Google DeepMind Unveils Gemini 2.5: AI Model for Web & Mobile Interaction
Google DeepMind has revealed a new AI model, Gemini 2.5 Computer Use. It's designed to interact with web and mobile interfaces, currently used in Google's own projects. The model is available for preview via the Gemini API.
Gemini 2.5 Computer Use operates in a loop, receiving screenshots, user requests, and previous actions to generate UI actions. It's already employed in Google's UI testing, like Project Mariner and the Firebase Testing Agent. It's also featured in AI Mode in Search, accessible through Google AI Studio and Vertex AI.
The model outperforms alternatives in benchmarks like Online-Mind2Web and WebVoyager, achieving over 70% accuracy with around 225 seconds of latency. It's primarily optimized for web browsers but also works for mobile UI control, not yet suitable for desktop OS-level control.

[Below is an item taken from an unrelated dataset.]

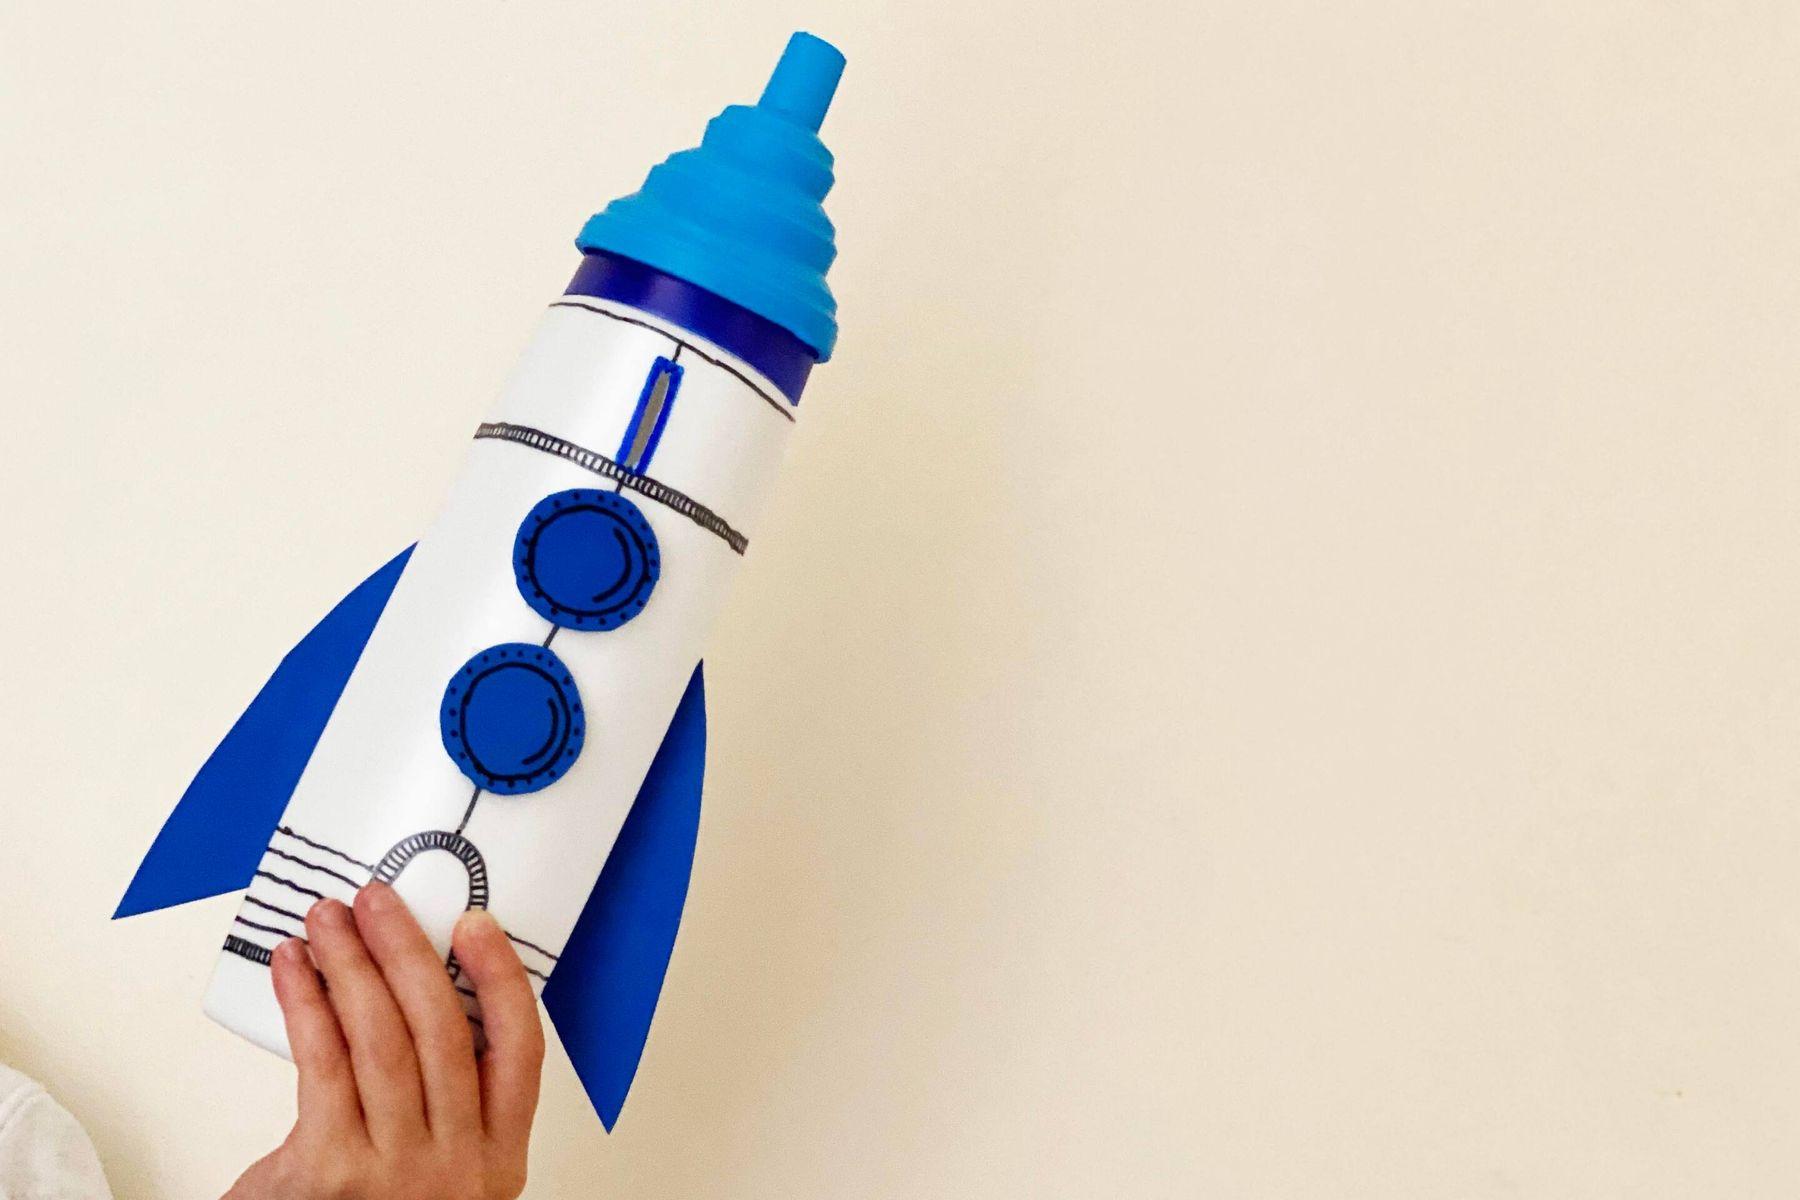 A plastic bottle rocket piggy bank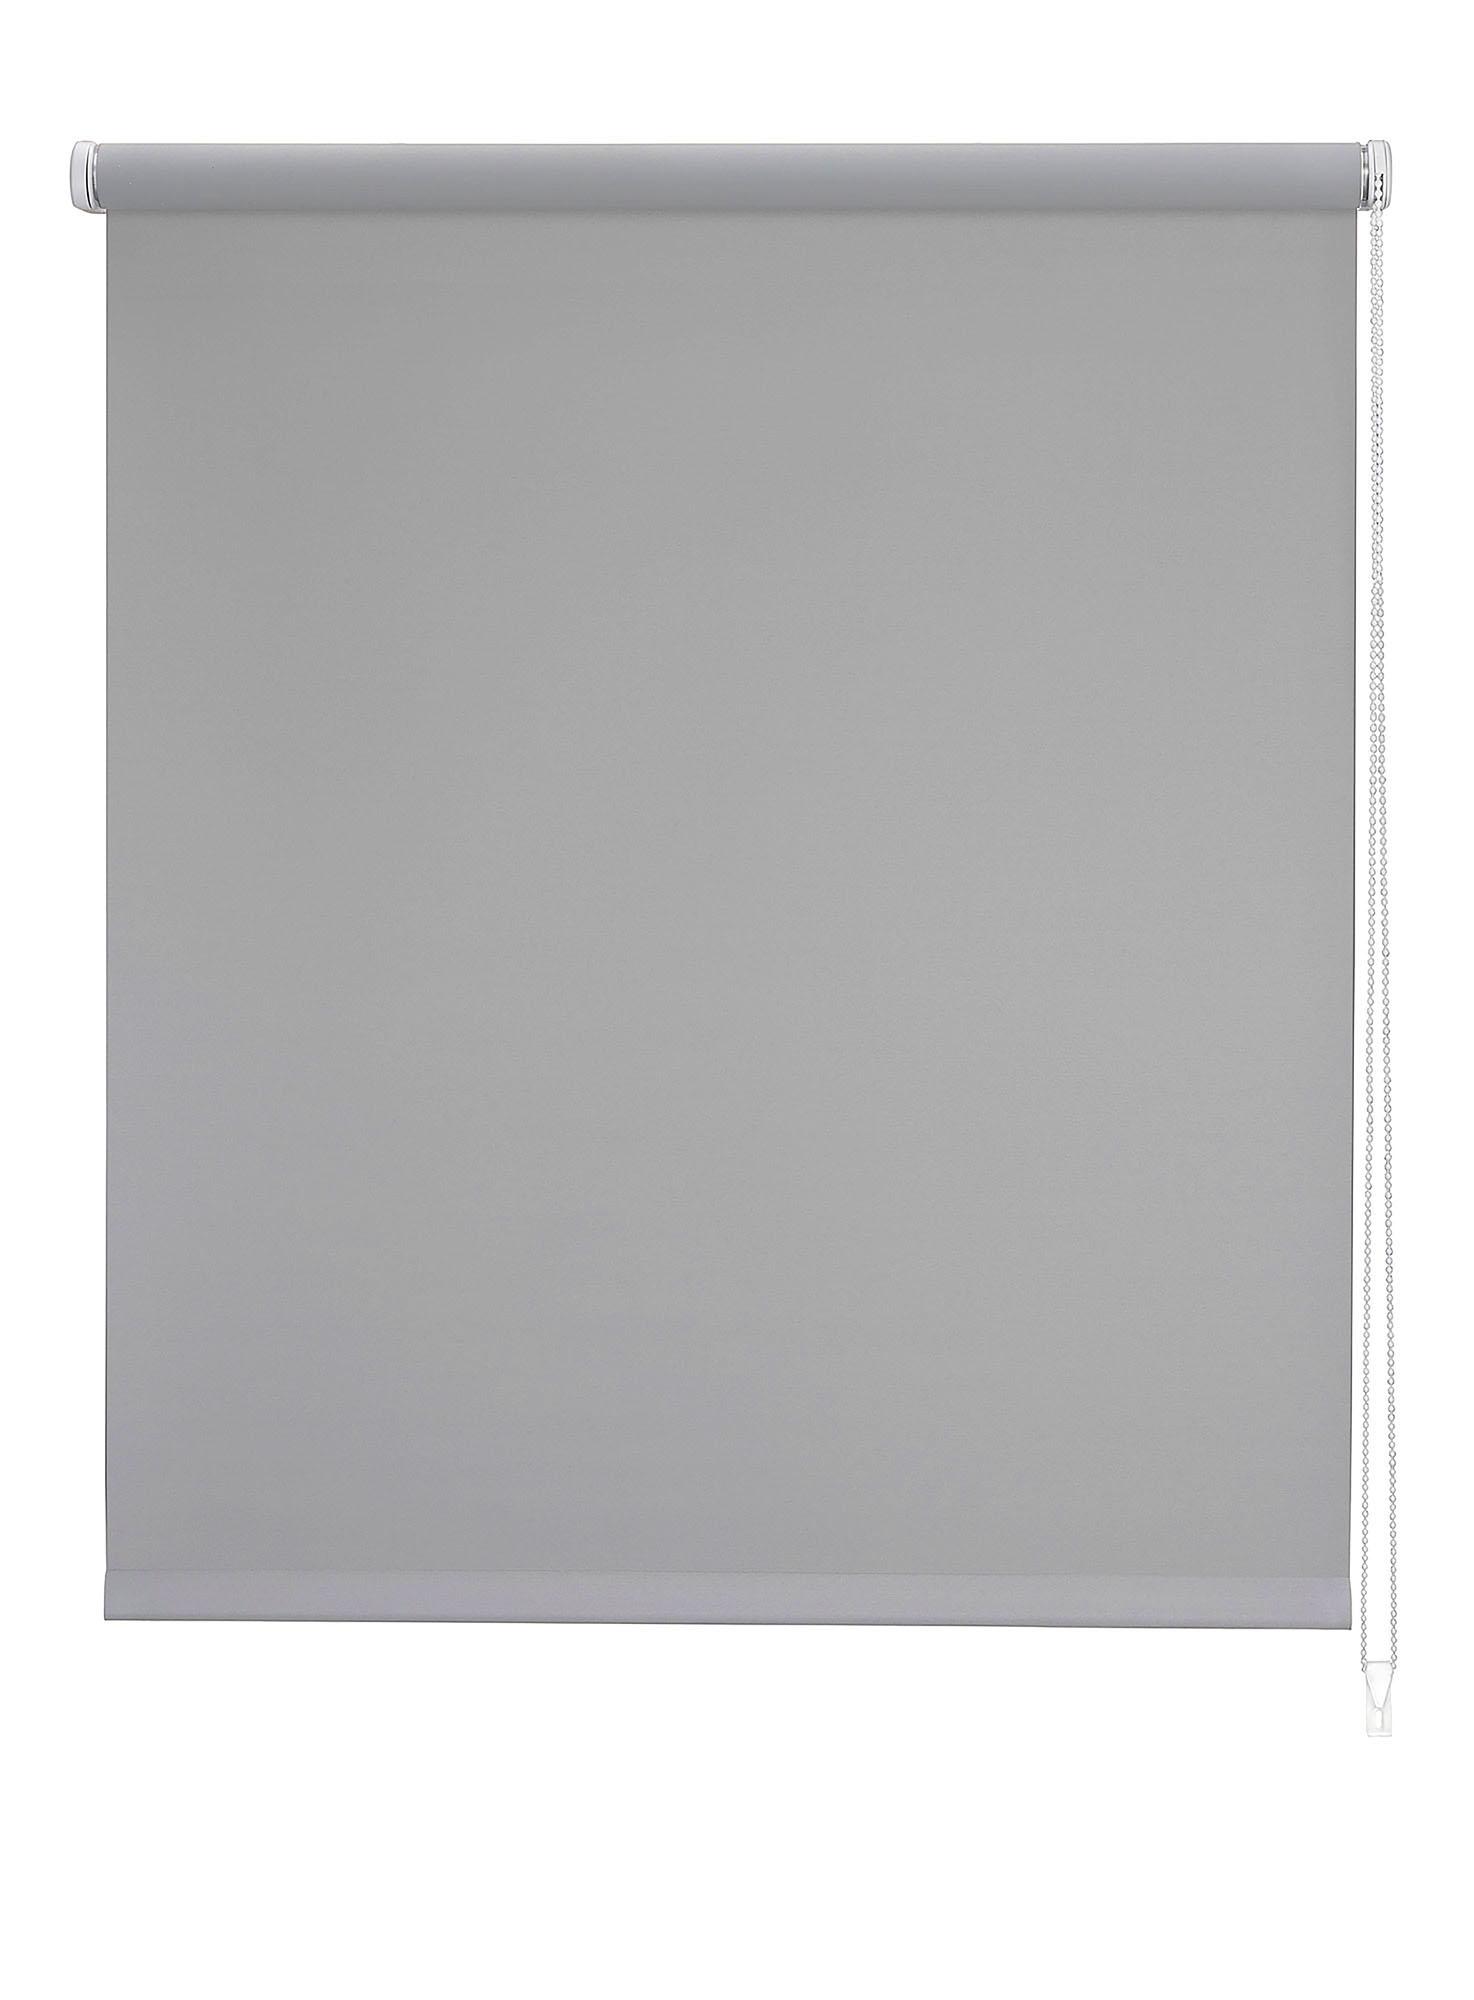 Store enrouleur Translucide - Gris - 180 x 250 cm

Safety features are included to mitigate risks such as misuse and unexpected behavior. These include a Per-Step Safety Service and developer-set system instructions.
The Gemini 2.5 Computer Use model is now available in public preview through the Gemini API in Google AI Studio and Vertex AI. Developers can experience its browser-optimized UI operation capabilities immediately. While primarily optimized for web browsers, it also works for mobile UI control, with desktop OS-level control not yet supported.